Символичен и образ  проректора Евгения Ахмархаджиевича, воплощающего собой бесхарактерный тип людей, «подстраивающихся» под время. Проректор решился совершить жуткое дело – сменить имя, «чтобы было созвучно времени». Здесь мы узнаем о его  «странных снах». Невнимательный читатель вполне мог бы подумать, что ничего символичного за ними не скрывается, что это всего лишь результат борьбы его убеждений и голоса совести. Впрочем, обратимся к образам, возникающим в снах: во-первых, образ отца, давшего ему, проректору, имя, - слабый, угасающий старик, символизирующий связь  Евгения Ахмархаджиевича с национальными корнями – они также слабы. Обратимся также и ко второму образу, возникшему в тот момент, когда проректор решился отказаться и от отчества -  «никогда не виденный какой-то великан» - отсылка к фольклорным богатырям нартского эпоса, которые, в свою очередь, символизируют многовековую связь потомков проректора. Та связь так же крепка и могущественна, как и «великан с закрученными вверх усами и огромным кинжалом на поясе». И третье, что будет высказано, как предположение, так как нет достоверных источников, посредством которых можно было бы доказать объективность суждения: имя, данное отцом своему сыну  - Эдалби - в различных источниках трактуется как «враг по отцовской линии», «кровный враг отца». И если Ахмадов целенаправленно выбрал это имя, то многое становится на свои места. И как же жалко выглядит проректор, опечаленный тем, что отец его так и не узнал, что «такое дача, Черное море и готовые на все из-за паршивого зачета девушки». Тут и раскрывается вся система ценностей проректора. 

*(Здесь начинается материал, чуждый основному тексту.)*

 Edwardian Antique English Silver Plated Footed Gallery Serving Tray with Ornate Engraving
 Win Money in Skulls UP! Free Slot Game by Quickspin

Его попытки оправдать свое нравственное падение и неверие в Бога не только жалки, но и печальны. В своем цинизме приспособленчества, герой  винит социальную трагедию, он утверждает, что делает все ради того, чтобы его дети, как и он когда, не были вынуждены тянуть «после убоя скотины то, что брошено собакам», он желает для них лучшего будущего. Свое неверие в Бога он «оправдывает» задаваясь вопросом, почему он, Бог, позволил   «вывезти нас, как скотину, в вагонах», почему он вверг его в такой голод, что тот был вынужден «разжевывать выброшенный собакам мочевой пузырь скотины». Но оправдывает ли это его неверие во Всевышнего? Разумеется, нет.
 
Здесь важно не упустить еще одну деталь: в оценках некоторых современников приводятся предположения, что голос автора в эпизоде, указанном выше, созвучен голосу проректора. Но так ли это? Уместно ли говорить о том, за кого выступает автор? Да и есть ли он и вовсе? Смею предположить, что Ахмадов в лучших традициях постмодернистского текста скрывается за разными героями романа или же и вовсе отстранен от своих персонажей, давая тем самым возможность читателю самому строить оценочные суждения о героях романа, самостоятельно интерпретировать все происходящего. Так, показывая трагедию народа, пережившего депортацию, Ахмадов вводит образы двух молодых людей, превратившихся в волков, что опять же весьма символично, учитывая тот факт, что для чеченцев волк - своеобразное тотемное животное.
 
В момент, когда пятнадцатилетняя, совсем хрупкая и юная девушка с матерью пытаются забрать тело умершего брата, не страшась ни оружия, ни смерти чувствуется даже если и не реминисценция, но  некое созвучие с легендой «Берзан бекхам», когда волчица также рвалась к своему детенышу, не страшась ни оружия, ни неминуемой смерти.
 
Девушка вспоминает, что  вырывая голыми руками могилу для брата во дворе мечети, впервые почувствовала, что превращается в волка. И теперь она понимает, что более никогда не станет человеком, «люди-собаки», которые в течение пятнадцати лет рыскали за ней, «холодные ночи, беды, державшие в печали» ее глаза и сознание,  навечно превратили девушку в зверя. Девушка, превратилась в зверя, отреклась от мира,  чтобы бороться, чтобы помнить.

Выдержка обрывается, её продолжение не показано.